While thankful he never asked us to wear motorcycle helmets for similar reasons, we were a team of young men who regularly and fearlessly left our feet like we were stealing home with a headfirst dive. “Loose balls” belonged to us.

And of course, we later learned, this concern for our style of play, even if it meant a major fashion fail in the basketball world where cool is king, was born out of concern for us.

It turns out that years prior, his best player, eager, like many of us, to please this man who was asking for a herculean effort for 4 full quarters each game, had badly mangled his knee during a colliding dive for a ball on the court.

So we looked like fools, because he wanted to protect us.

I believed it. I think my teammates did too. And we all bought into it, mostly.

“Act Your Way Into Feeling....”
In time, I even think we came to take a certain pride in the distinctiveness and odd manner of our program and its play. We were being shaped to steward our lives by “acting our way into feeling” instead of being victimized by ourselves, always waiting to “feel our way into acting” in those duties, privileges, and acts of care that were ours to perform. 

Marinating as we did in his instruction meant that each of us would forever have some of the distinctive flavor of his peculiar emphases regarding the game, his manner, and yes, even love, particularly demonstrated in the way we approach difficult tasks.

And after being stunned to hear of his death some months ago, it occurred to me that I never properly thanked him. 

Now, as I pastor who aspires to breathe the grace of God deeply and regularly like oxygen, and who knows in himself and all other selves just how badly we need it, as we are, all of us, “a broth of false and true,” I have no aspiration for hagiography here. Our coach had his warts. And temper. And imbalances.  

Straight Blows with Crooked Sticks
I’ve heard intimations that after our inaugural two years of his tenure, those warts may have proved more injurious to others than the sorts of hurts some of us may have incurred. If that is so, I hate it for the wounded, and for him, as well. 

But, for my own life, in those wobbly years of adolescence, he brought stability. Amid the exhaustion of a teenager’s extreme self-consciousness and preoccupation with himself, Coach created conditions and aspirations for self-forgetfulness in service to our team, reminding us, pithily, as always, “that the strength of the pack is the wolf, and the pack is the strength of the wolf.” Our coach apparently appreciated Rudyard Kipling.
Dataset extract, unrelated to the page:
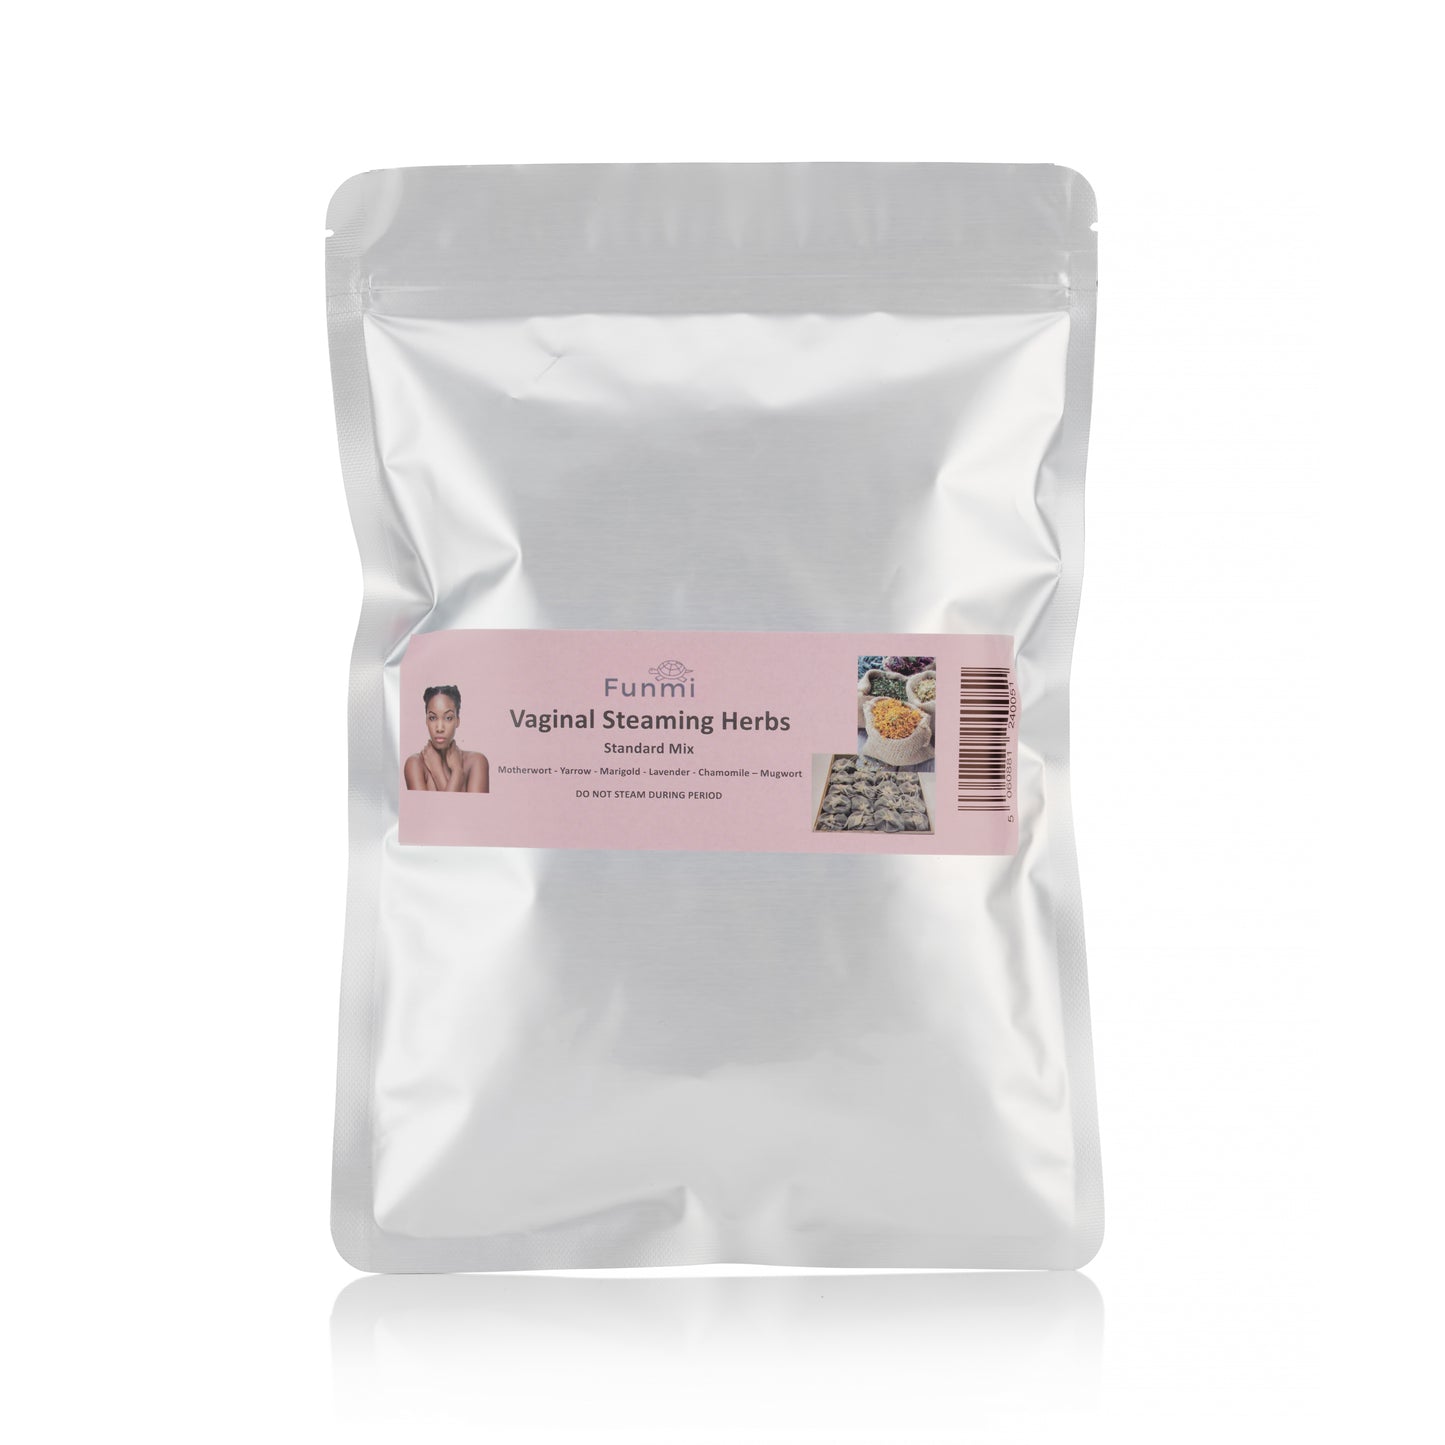 Funmi Vaginal Steaming Herbs Standard Mix herb pack

And I was privileged to be part of our little basketball pack.

Our flawed but earnest instructor showed me how to embrace a way of life whole-heartedly, and that difficult endeavors could be precious and memorable ones. 

It’s been said that “God often strikes straight blows with crooked sticks.” I suppose it’s the only sort He’s got, if folks like us are his instruments. 
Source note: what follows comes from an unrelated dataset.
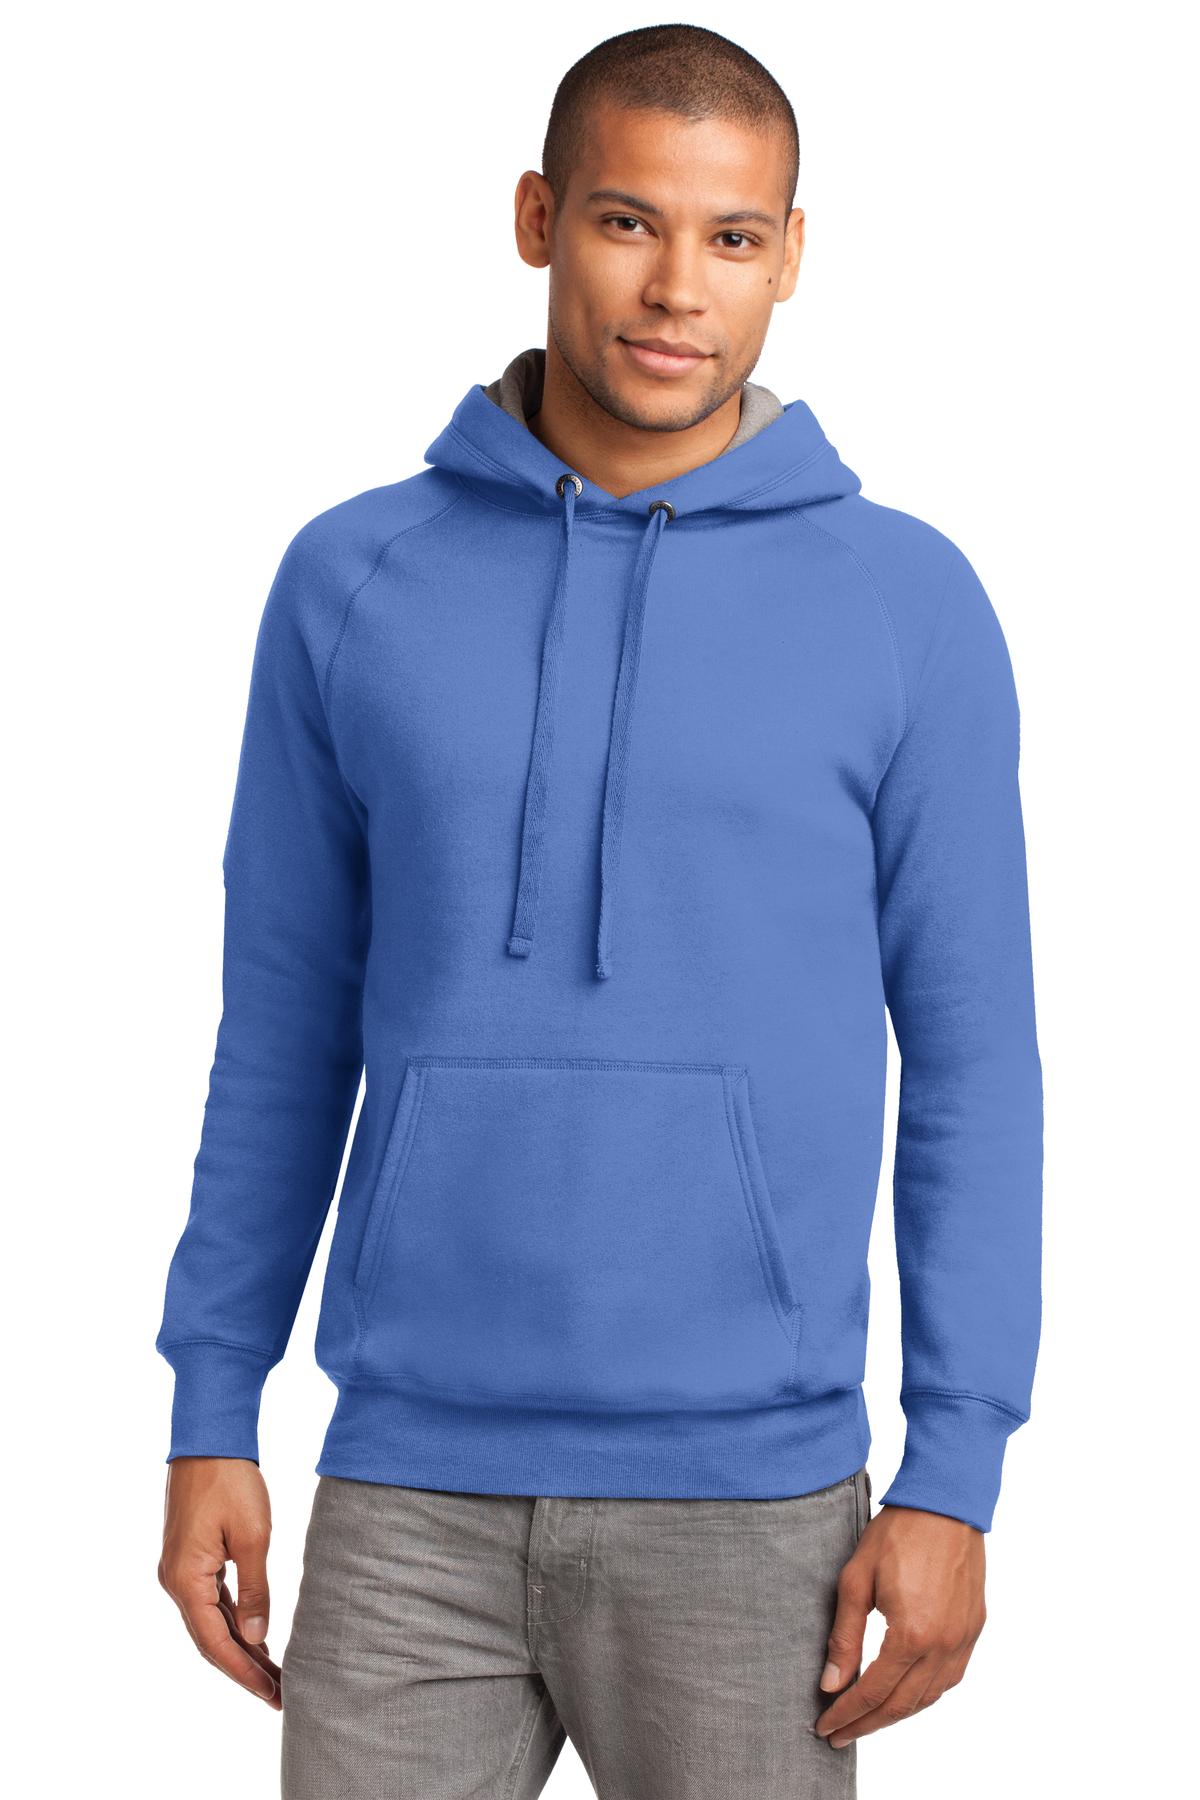 Hanes Nano Pullover Hooded Sweatshirt. HN270

It’s a comforting adage when one knows his own defective crookedness. And I reckon, therefore,  our Coach would have been relieved, and not a little surprised, to learn of the value that our Savior had brokered through his peculiar life and style as a coach into my life now as a husband, father, son, friend, and pastor. Perhaps some of my teammates would echo the sentiment. 

I’m just sorry I didn’t get around to saying much about it to him. 

So Coach, though a little too late, I wanted to tell you thanks. 

Thank you for expecting more out of teenage boys than we thought we could give. You gifted us with the honor of impossibly high expectations. I’m grateful that you spent so much of your self to teach us your preferred way to approach this beautiful game of basketball.  

Turns out, we were being instructed in far more than just that.  

Oh, and just so you know, my hair doesn’t flop any more when I run down the court. I thought you’d be relieved.